后固定:胃蛋白酶消化后才需要。固定液為1%多聚甲醛/0.1 M PBS(PH7.2-7.6),含有1/1000 DEPC。室溫固定 10分鐘。蒸餾水洗滌3次。
原位雜交的預(yù)雜交:濕盒的準(zhǔn)備——干的雜交盒底部加20%甘油20ml以保持濕度。按每張切片20μι加預(yù)雜交液。恒溫箱38-42℃2—4小時(shí)。吸取多余液體,不洗。
雜交——按每張切片20μι雜交液,加在切片上。將原位雜交專1用蓋玻片的保護(hù)膜揭開后,蓋在切片上。
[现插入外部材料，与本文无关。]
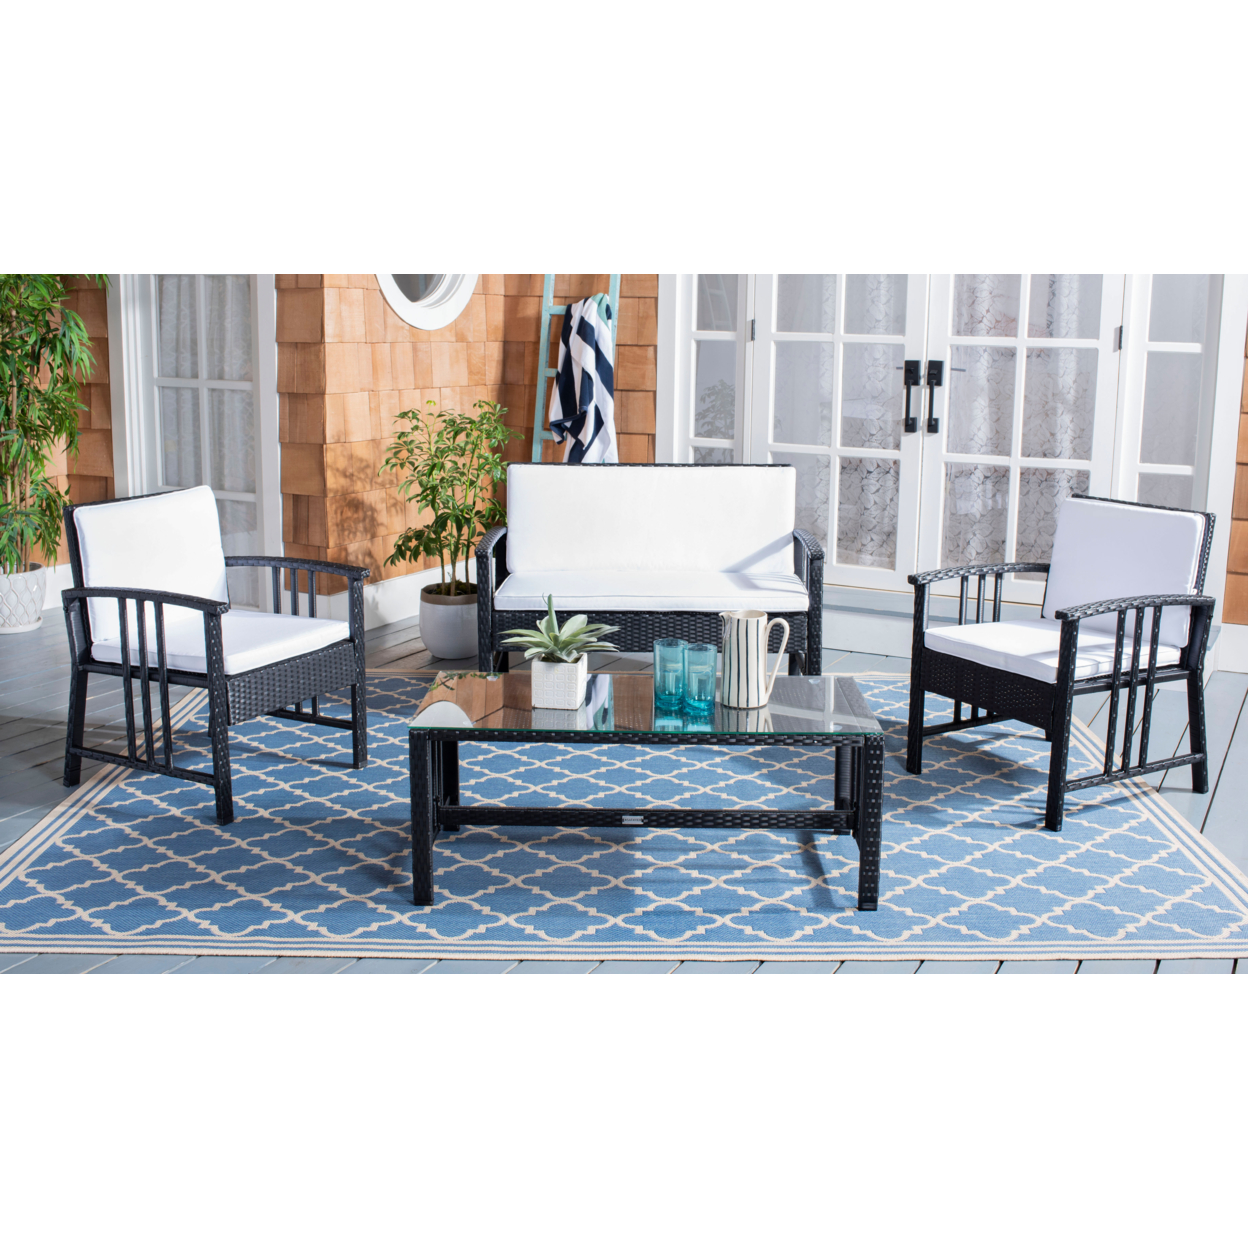 SAFAVIEH Outdoor Collection Reslor 4-Piece Patio Set Black/White Cushion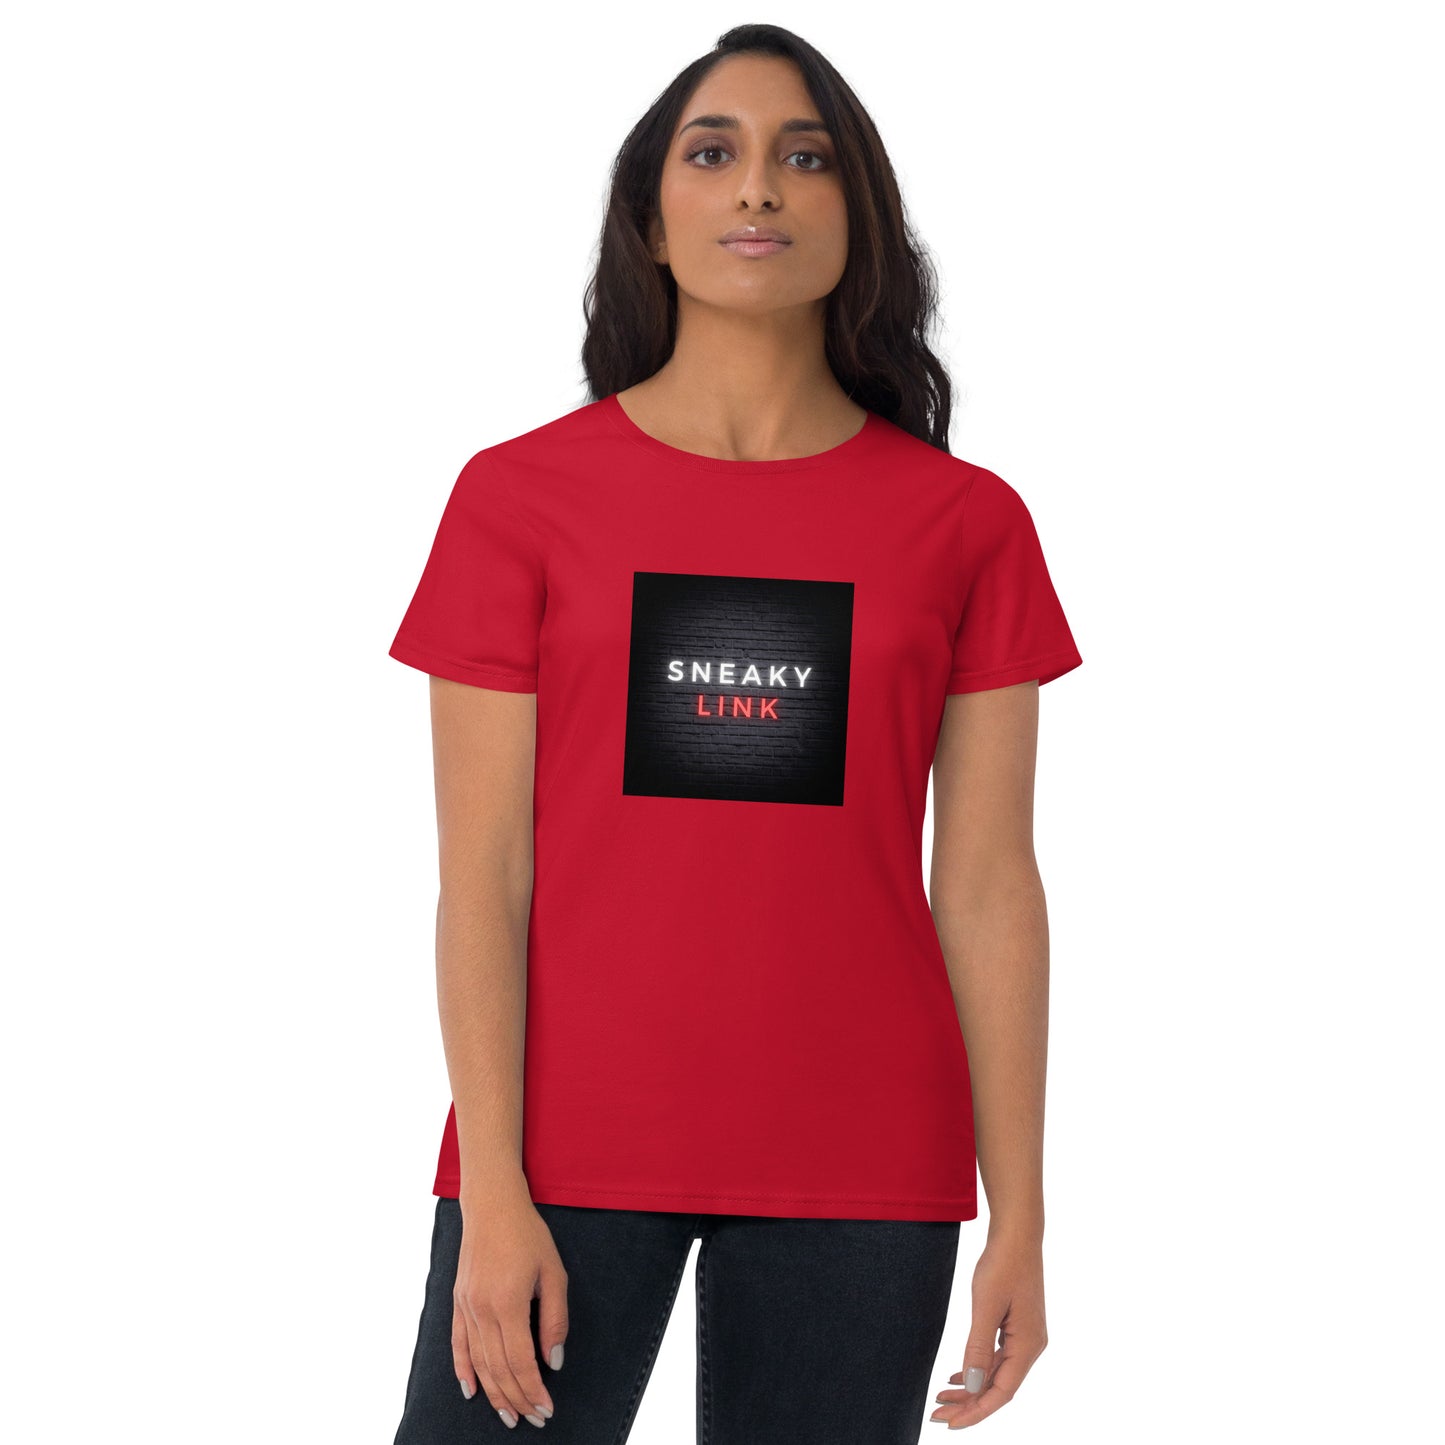 SNEAKY LINK Women's short sleeve t-shirt

恒溫箱38-42℃雜交過夜(根據(jù)雜交情況可以調(diào)節(jié))。
雜交后洗滌:揭掉蓋玻片,37℃左右水溫的2×***洗滌5分鐘×2次;37℃0.5×***洗滌15分鐘×1次; 37℃0.2×***洗滌15分鐘×1次(如果有非特異性染色,重復(fù)0.2×***洗滌15分鐘×1-2次)。
1,組化
實(shí)驗(yàn)原理:組化(IHC),是應(yīng)用抗原與特異性結(jié)合的原理,通過酶標(biāo)與底物反應(yīng)顯色,從而對(duì)***細(xì)胞內(nèi)抗原進(jìn)行***、定性及定量的研究,稱為***化學(xué)技術(shù)。組化(IHC)具有特異性強(qiáng)、敏感度高、***準(zhǔn)確的優(yōu)點(diǎn)。
1, 熒光
實(shí)驗(yàn)原理:熒光(IF),是應(yīng)用抗原與特異性結(jié)合的原理,分子病理技術(shù)服務(wù),通過熒光標(biāo)記對(duì)***細(xì)胞內(nèi)抗原進(jìn)行***、定性及定量的研究。目前皮諾飛生物主要可以對(duì)石蠟切片、冰凍切片、細(xì)胞爬片、***芯片進(jìn)行熒光檢測(cè)。皮諾飛生物目前已突破傳統(tǒng)的熒光雙標(biāo)限制,開發(fā)出多色熒光技術(shù)(多可達(dá)7色)。
應(yīng)用于分子病理診斷的DNA測(cè)序技術(shù)有直接測(cè)序法和焦磷酸測(cè)序法。直接測(cè)序技術(shù)主要是Sanger等發(fā)明的雙脫氧鏈末端終止法。其原理就是根據(jù)核苷酸在某一固定的點(diǎn)開始,隨機(jī)在某一個(gè)特定的堿基處終止,產(chǎn)生A、T、C、G4組不同長(zhǎng)度的一系列核苷酸,然后在尿素變性的PAGE膠上電泳進(jìn)行檢測(cè),從而獲得DNA序列。直接測(cè)序法是***突變檢測(cè)的“金標(biāo)準(zhǔn)”,其優(yōu)點(diǎn)是結(jié)果準(zhǔn)確,重復(fù)性好,可檢測(cè)整個(gè)測(cè)序范圍內(nèi)已知和未知突變點(diǎn);缺點(diǎn)是步驟多,耗時(shí)長(zhǎng),靈敏度低,過程不易控制,在檢測(cè)已知突變位點(diǎn)方面將逐漸被熒光定量PCR法替代。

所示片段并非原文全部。